Sunday, October 9, 2011

"The universe is made of stories..."





"The universe is made of stories, not of atoms."
Muriel Rukeyser

This is a lovely quote, and a lovely way of looking at the world, written by a brilliant poet who grew up in a world that saw the horrible consequences of reducing the world to a machine, in a world that slaughtered millions of those who shared her faith, because of their faith.

The atom has been indelibly tied to the misnamed "atom bomb" and incredible abuses of the 20th century.

I just wish she had said "machines" instead of atoms.

Atoms, in the context of science, are stories. It's taking me weeks to convince my students that the image of atom that exists in their heads, an image perpetuated by many teachers, by television (is it called that anymore?), by textbooks, does not exist.

***

If there is ever a place to teach the nature of science to children, it's in the idea of atom--a (not) tomos- (divisible)--an indivisible particle.

Democritus' early view (poo-poo'ed by Aristotle) that matter can only be divided so far before it is no longer what it is is easy enough to conceptualize. Introduce the idea in 4th grade. Here's a piece of gold. Split it in half. Split it in half again. And again.

No way to see what the smallest particle looks like, but it's easy to imagine that there may be a limit to how small gold may be divided.

No need to bother with electrons or neutrons or protons or orbits in elementary school. A child who parrots these words is no smarter than, well, a parrot.

Come 7th grade or so, after a child has played with magnets and static electricity, and has some sense of what charge means (in the observable world, not the surreal field of fields), when a child gets that opposite charges attract, then show her the Thomson experiment with the cathode ray tube.

Not a Powerpoint, not a video--show the real thing. Deflect the stream of particles with a magnet. Here's a great video showing what we should be doing in class:



Let the kids imagine what an atom looks like now--we know it has tiny particles called electrons, we know the charges of the electrons are negative, and we know the overall charge of the atom is neutral. Let the children draw their own models that fit these criteria. See what they develop.

By high school, maybe sooner, they're ready for Rutherford's experiment--he fired alpha particles at gold foil, and most passed through without deflection. About 1 in 20,000 (give or take) wildly changed direction, as though it hit a chunk of incredibly dense mass.


The atom, whatever this thing is, behaves as though it's mostly empty space, at least when hit with alpha particles.

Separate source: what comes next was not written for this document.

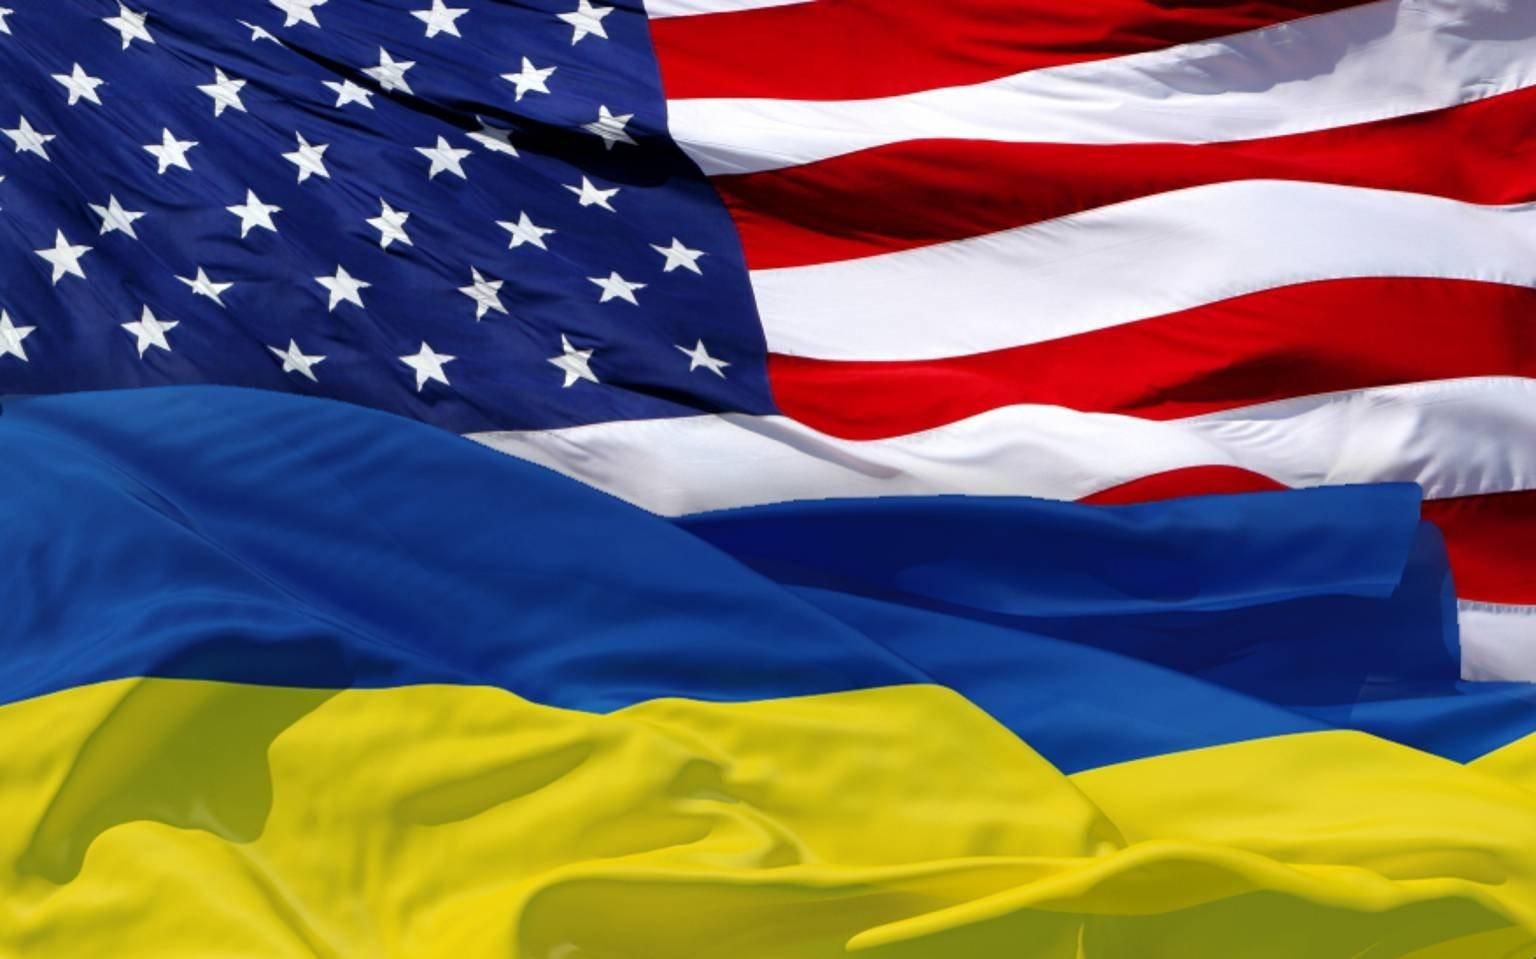 День незалежності США: як розвивалися українсько-американські відносини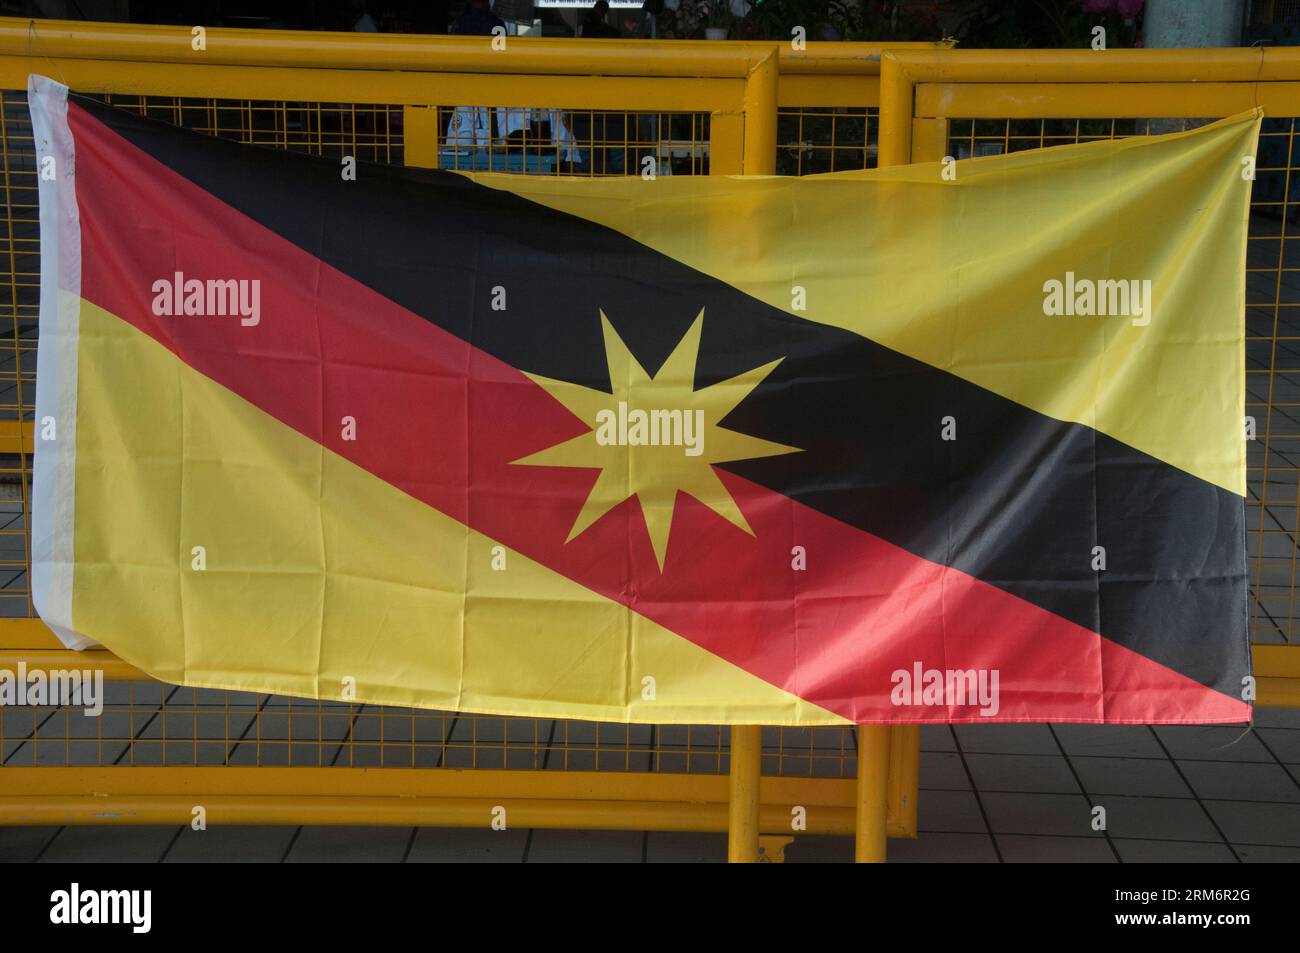 Sarawak state flag displayed at the central market at Sibu, Sarawak, Malaysia Stock Photo

And that only gets us to 1911. Toss in Bohr to get us to 1913, a ridiculously counter-intuitive model of reality, leading two physicists to vow "If this nonsense of Bohr should in the end prove to be right, we will quit physics!"

And yet my students scribble down this counter-intuitive "nonsense" without complaint. Why? Because we present it as facts, as some Universal Knowledge, as something they must regurgitate. Many of them believe humans have seen individual atoms just like the pseudo-Bohr models printed in textbooks.

And here's the secret that even scientists occasionally forget--our worldview, science or otherwise, rises from stories. The concept of atom is pure story, though not pure fiction--there are deep truths in the model of the atom, as there are deep truths in great poems and novels.

Literacy cuts across all disciplines--we diminish science when we fail to see the stories.

The atom is no more real, or less, than the stories that define us. We reify the abstract every waking moment, and it's how we live and work and play as we get through a day.

But it's still all stories....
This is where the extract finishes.